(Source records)
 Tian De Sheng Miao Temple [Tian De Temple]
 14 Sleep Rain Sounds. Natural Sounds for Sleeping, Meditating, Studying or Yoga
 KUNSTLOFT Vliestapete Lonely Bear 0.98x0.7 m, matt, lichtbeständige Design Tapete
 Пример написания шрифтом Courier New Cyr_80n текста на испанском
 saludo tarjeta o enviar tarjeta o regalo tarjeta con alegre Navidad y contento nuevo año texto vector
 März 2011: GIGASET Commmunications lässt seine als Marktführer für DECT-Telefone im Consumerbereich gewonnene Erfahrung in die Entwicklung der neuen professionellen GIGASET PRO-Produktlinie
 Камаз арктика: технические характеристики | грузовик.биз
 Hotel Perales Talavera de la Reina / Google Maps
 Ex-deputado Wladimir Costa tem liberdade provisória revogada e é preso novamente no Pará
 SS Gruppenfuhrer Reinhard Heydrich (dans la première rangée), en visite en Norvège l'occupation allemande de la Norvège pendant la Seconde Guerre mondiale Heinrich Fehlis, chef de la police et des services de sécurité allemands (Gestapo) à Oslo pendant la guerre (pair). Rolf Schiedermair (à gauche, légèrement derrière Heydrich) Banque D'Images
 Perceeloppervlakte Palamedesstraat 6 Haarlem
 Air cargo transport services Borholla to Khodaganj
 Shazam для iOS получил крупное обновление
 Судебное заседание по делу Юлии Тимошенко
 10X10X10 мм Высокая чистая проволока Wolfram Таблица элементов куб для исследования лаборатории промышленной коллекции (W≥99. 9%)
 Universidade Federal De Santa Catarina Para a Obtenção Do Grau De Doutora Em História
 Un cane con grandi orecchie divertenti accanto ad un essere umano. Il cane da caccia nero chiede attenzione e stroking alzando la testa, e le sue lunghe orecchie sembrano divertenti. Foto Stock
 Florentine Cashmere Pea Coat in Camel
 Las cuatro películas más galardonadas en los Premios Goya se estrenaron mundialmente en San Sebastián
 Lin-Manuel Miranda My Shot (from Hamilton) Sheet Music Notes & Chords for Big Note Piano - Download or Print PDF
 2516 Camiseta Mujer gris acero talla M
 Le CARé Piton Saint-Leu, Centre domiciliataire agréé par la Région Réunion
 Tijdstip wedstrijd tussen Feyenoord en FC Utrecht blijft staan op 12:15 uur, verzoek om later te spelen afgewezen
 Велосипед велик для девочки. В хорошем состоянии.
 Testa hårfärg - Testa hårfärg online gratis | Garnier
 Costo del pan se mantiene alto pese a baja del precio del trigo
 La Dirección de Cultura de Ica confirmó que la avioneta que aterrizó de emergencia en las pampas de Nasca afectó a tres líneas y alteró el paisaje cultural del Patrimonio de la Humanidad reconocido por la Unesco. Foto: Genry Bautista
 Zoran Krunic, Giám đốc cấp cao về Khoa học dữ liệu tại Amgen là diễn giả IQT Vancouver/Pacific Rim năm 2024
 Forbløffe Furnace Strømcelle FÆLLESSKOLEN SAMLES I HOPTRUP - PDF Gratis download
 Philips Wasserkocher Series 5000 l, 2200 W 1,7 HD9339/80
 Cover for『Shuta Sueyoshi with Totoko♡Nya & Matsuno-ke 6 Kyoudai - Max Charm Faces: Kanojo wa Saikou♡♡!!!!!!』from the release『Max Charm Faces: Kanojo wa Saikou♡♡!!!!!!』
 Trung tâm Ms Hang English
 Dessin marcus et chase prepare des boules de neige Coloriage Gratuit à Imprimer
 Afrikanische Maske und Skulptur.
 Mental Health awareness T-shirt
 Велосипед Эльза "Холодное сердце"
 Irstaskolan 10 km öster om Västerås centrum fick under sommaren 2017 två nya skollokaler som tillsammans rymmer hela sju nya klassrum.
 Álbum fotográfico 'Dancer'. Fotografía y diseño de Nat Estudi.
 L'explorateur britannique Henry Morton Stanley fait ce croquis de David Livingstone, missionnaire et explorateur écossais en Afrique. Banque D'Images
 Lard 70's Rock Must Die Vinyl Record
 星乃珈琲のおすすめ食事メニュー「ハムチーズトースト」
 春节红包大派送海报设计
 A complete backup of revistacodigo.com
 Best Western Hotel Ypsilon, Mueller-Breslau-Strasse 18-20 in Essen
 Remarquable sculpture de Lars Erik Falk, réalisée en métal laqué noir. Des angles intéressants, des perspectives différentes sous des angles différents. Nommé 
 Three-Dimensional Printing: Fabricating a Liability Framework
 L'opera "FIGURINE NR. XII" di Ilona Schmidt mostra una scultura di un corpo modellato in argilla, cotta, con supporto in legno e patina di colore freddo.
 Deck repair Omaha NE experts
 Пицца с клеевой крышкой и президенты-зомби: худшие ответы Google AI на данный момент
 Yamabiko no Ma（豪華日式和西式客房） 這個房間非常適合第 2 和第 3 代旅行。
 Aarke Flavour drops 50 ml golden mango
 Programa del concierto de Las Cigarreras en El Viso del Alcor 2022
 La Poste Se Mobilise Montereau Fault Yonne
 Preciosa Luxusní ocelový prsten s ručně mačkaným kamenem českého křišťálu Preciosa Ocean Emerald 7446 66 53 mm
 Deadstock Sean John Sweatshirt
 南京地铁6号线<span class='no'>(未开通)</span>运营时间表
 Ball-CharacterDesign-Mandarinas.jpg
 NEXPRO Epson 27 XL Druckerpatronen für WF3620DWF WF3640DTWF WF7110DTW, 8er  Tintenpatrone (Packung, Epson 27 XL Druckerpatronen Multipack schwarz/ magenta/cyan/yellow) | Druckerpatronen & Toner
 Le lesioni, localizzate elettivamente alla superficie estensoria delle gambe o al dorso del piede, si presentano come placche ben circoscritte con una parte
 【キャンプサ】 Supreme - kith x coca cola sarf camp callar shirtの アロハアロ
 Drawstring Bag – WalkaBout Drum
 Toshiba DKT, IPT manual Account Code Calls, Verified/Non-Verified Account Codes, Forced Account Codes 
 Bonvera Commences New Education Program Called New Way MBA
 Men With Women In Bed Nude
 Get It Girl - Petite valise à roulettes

__Brief__: An exact copy of every record is needed; write it out in full.

__Written reply__:
 Tian De Sheng Miao Temple [Tian De Temple]
 14 Sleep Rain Sounds. Natural Sounds for Sleeping, Meditating, Studying or Yoga
 KUNSTLOFT Vliestapete Lonely Bear 0.98x0.7 m, matt, lichtbeständige Design Tapete
 Пример написания шрифтом Courier New Cyr_80n текста на испанском
 saludo tarjeta o enviar tarjeta o regalo tarjeta con alegre Navidad y contento nuevo año texto vector
 März 2011: GIGASET Commmunications lässt seine als Marktführer für DECT-Telefone im Consumerbereich gewonnene Erfahrung in die Entwicklung der neuen professionellen GIGASET PRO-Produktlinie
 Камаз арктика: технические характеристики | грузовик.биз
 Hotel Perales Talavera de la Reina / Google Maps
 Ex-deputado Wladimir Costa tem liberdade provisória revogada e é preso novamente no Pará
 SS Gruppenfuhrer Reinhard Heydrich (dans la première rangée), en visite en Norvège l'occupation allemande de la Norvège pendant la Seconde Guerre mondiale Heinrich Fehlis, chef de la police et des services de sécurité allemands (Gestapo) à Oslo pendant la guerre (pair). Rolf Schiedermair (à gauche, légèrement derrière Heydrich) Banque D'Images
 Perceeloppervlakte Palamedesstraat 6 Haarlem
 Air cargo transport services Borholla to Khodaganj
 Shazam для iOS получил крупное обновление
 Судебное заседание по делу Юлии Тимошенко
 10X10X10 мм Высокая чистая проволока Wolfram Таблица элементов куб для исследования лаборатории промышленной коллекции (W≥99. 9%)
 Universidade Federal De Santa Catarina Para a Obtenção Do Grau De Doutora Em História
 Un cane con grandi orecchie divertenti accanto ad un essere umano. Il cane da caccia nero chiede attenzione e stroking alzando la testa, e le sue lunghe orecchie sembrano divertenti. Foto Stock
 Florentine Cashmere Pea Coat in Camel
 Las cuatro películas más galardonadas en los Premios Goya se estrenaron mundialmente en San Sebastián
 Lin-Manuel Miranda My Shot (from Hamilton) Sheet Music Notes & Chords for Big Note Piano - Download or Print PDF
 2516 Camiseta Mujer gris acero talla M
 Le CARé Piton Saint-Leu, Centre domiciliataire agréé par la Région Réunion
 Tijdstip wedstrijd tussen Feyenoord en FC Utrecht blijft staan op 12:15 uur, verzoek om later te spelen afgewezen
 Велосипед велик для девочки. В хорошем состоянии.
 Testa hårfärg - Testa hårfärg online gratis | Garnier
 Costo del pan se mantiene alto pese a baja del precio del trigo
 La Dirección de Cultura de Ica confirmó que la avioneta que aterrizó de emergencia en las pampas de Nasca afectó a tres líneas y alteró el paisaje cultural del Patrimonio de la Humanidad reconocido por la Unesco. Foto: Genry Bautista
 Zoran Krunic, Giám đốc cấp cao về Khoa học dữ liệu tại Amgen là diễn giả IQT Vancouver/Pacific Rim năm 2024
 Forbløffe Furnace Strømcelle FÆLLESSKOLEN SAMLES I HOPTRUP - PDF Gratis download
 Philips Wasserkocher Series 5000 l, 2200 W 1,7 HD9339/80
 Cover for『Shuta Sueyoshi with Totoko♡Nya & Matsuno-ke 6 Kyoudai - Max Charm Faces: Kanojo wa Saikou♡♡!!!!!!』from the release『Max Charm Faces: Kanojo wa Saikou♡♡!!!!!!』
 Trung tâm Ms Hang English
 Dessin marcus et chase prepare des boules de neige Coloriage Gratuit à Imprimer
 Afrikanische Maske und Skulptur.
 Mental Health awareness T-shirt
 Велосипед Эльза "Холодное сердце"
 Irstaskolan 10 km öster om Västerås centrum fick under sommaren 2017 två nya skollokaler som tillsammans rymmer hela sju nya klassrum.
 Álbum fotográfico 'Dancer'. Fotografía y diseño de Nat Estudi.
 L'explorateur britannique Henry Morton Stanley fait ce croquis de David Livingstone, missionnaire et explorateur écossais en Afrique. Banque D'Images
 Lard 70's Rock Must Die Vinyl Record
 星乃珈琲のおすすめ食事メニュー「ハムチーズトースト」
 春节红包大派送海报设计
 A complete backup of revistacodigo.com
 Best Western Hotel Ypsilon, Mueller-Breslau-Strasse 18-20 in Essen
 Remarquable sculpture de Lars Erik Falk, réalisée en métal laqué noir. Des angles intéressants, des perspectives différentes sous des angles différents. Nommé 
 Three-Dimensional Printing: Fabricating a Liability Framework
 L'opera "FIGURINE NR. XII" di Ilona Schmidt mostra una scultura di un corpo modellato in argilla, cotta, con supporto in legno e patina di colore freddo.
 Deck repair Omaha NE experts
 Пицца с клеевой крышкой и президенты-зомби: худшие ответы Google AI на данный момент
 Yamabiko no Ma（豪華日式和西式客房） 這個房間非常適合第 2 和第 3 代旅行。
 Aarke Flavour drops 50 ml golden mango
 Programa del concierto de Las Cigarreras en El Viso del Alcor 2022
 La Poste Se Mobilise Montereau Fault Yonne
 Preciosa Luxusní ocelový prsten s ručně mačkaným kamenem českého křišťálu Preciosa Ocean Emerald 7446 66 53 mm
 Deadstock Sean John Sweatshirt
 南京地铁6号线<span class='no'>(未开通)</span>运营时间表
 Ball-CharacterDesign-Mandarinas.jpg
 NEXPRO Epson 27 XL Druckerpatronen für WF3620DWF WF3640DTWF WF7110DTW, 8er  Tintenpatrone (Packung, Epson 27 XL Druckerpatronen Multipack schwarz/ magenta/cyan/yellow) | Druckerpatronen & Toner
 Le lesioni, localizzate elettivamente alla superficie estensoria delle gambe o al dorso del piede, si presentano come placche ben circoscritte con una parte
 【キャンプサ】 Supreme - kith x coca cola sarf camp callar shirtの アロハアロ
 Drawstring Bag – WalkaBout Drum
 Toshiba DKT, IPT manual Account Code Calls, Verified/Non-Verified Account Codes, Forced Account Codes 
 Bonvera Commences New Education Program Called New Way MBA
 Men With Women In Bed Nude
 Get It Girl - Petite valise à roulettes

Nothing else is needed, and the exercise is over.